Please output exactly the lines below, starting at the line that has "Lampe de table en" and ending at the line that has "Un design sculptural", both included; leave out all pictures and include nothing else.

* _Task material_
----
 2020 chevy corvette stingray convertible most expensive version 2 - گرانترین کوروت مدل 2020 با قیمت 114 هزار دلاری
----
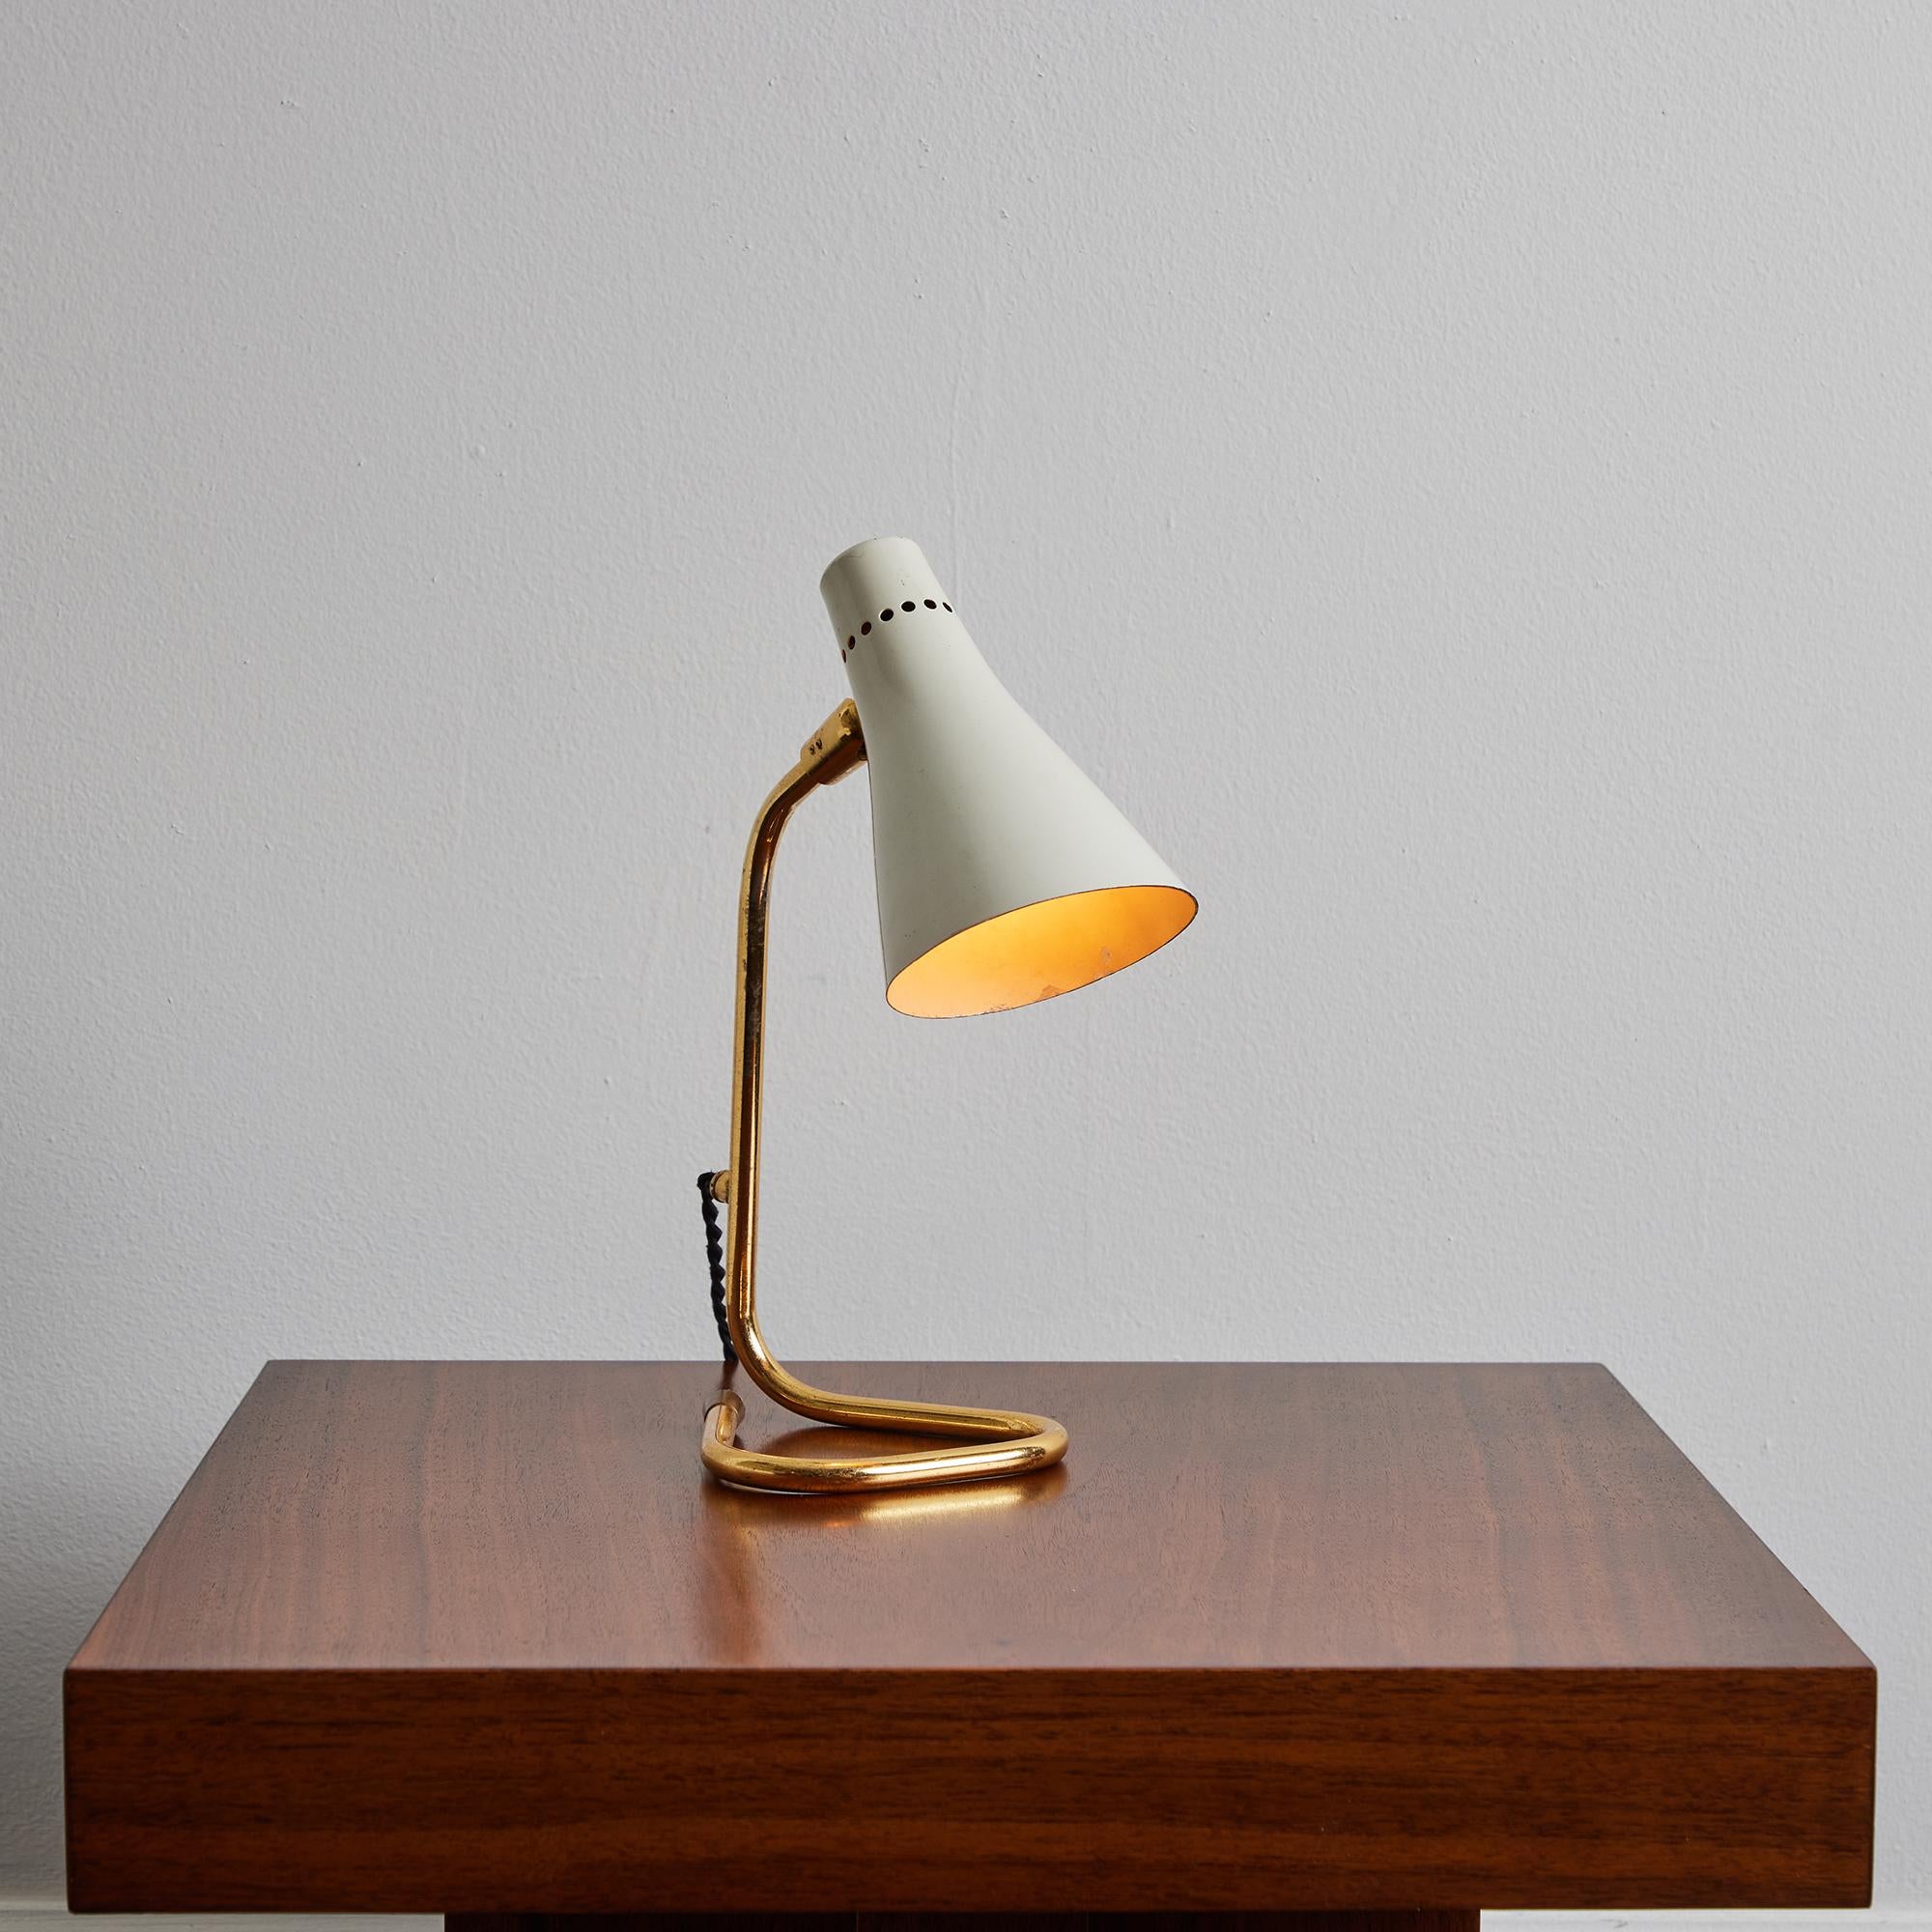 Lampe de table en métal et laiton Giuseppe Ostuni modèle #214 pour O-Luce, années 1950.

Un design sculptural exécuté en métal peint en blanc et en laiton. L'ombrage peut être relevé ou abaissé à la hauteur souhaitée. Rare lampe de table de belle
----
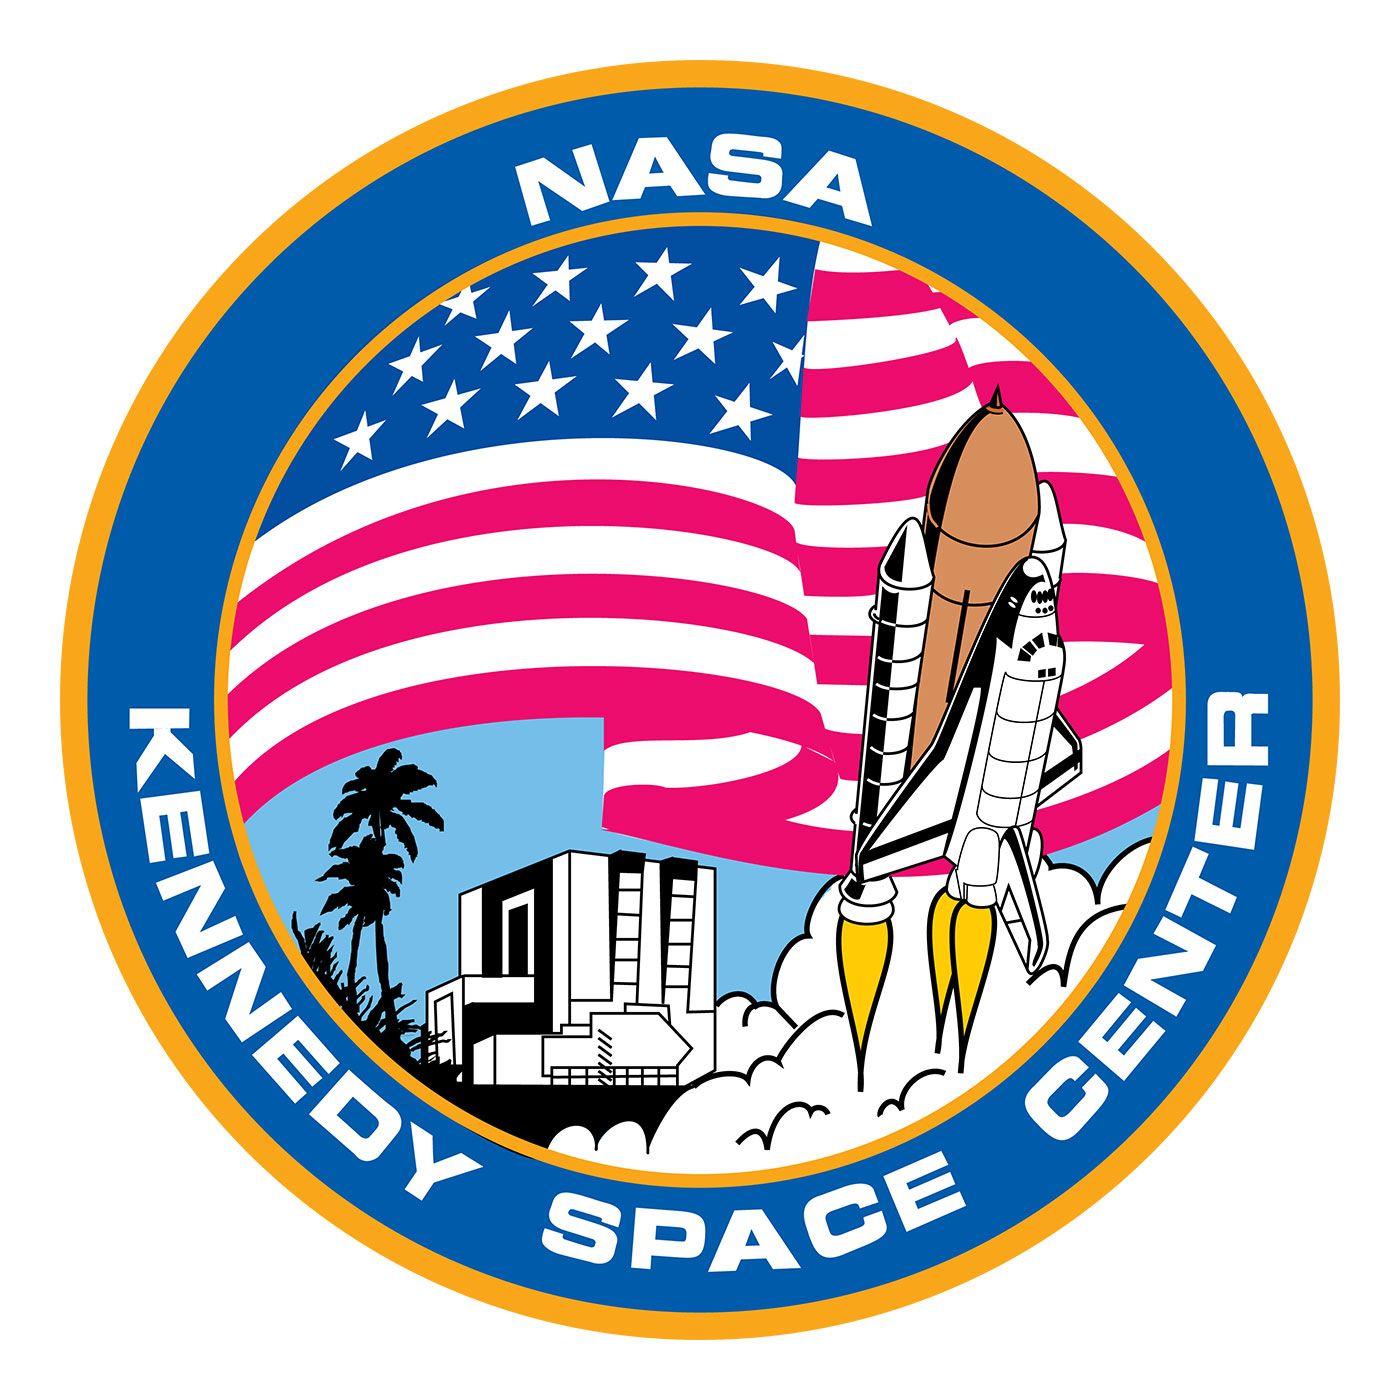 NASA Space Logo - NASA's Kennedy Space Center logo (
----
* _Worked solution_
 Lampe de table en métal et laiton Giuseppe Ostuni modèle #214 pour O-Luce, années 1950.

Un design sculptural exécuté en métal peint en blanc et en laiton. L'ombrage peut être relevé ou abaissé à la hauteur souhaitée. Rare lampe de table de belle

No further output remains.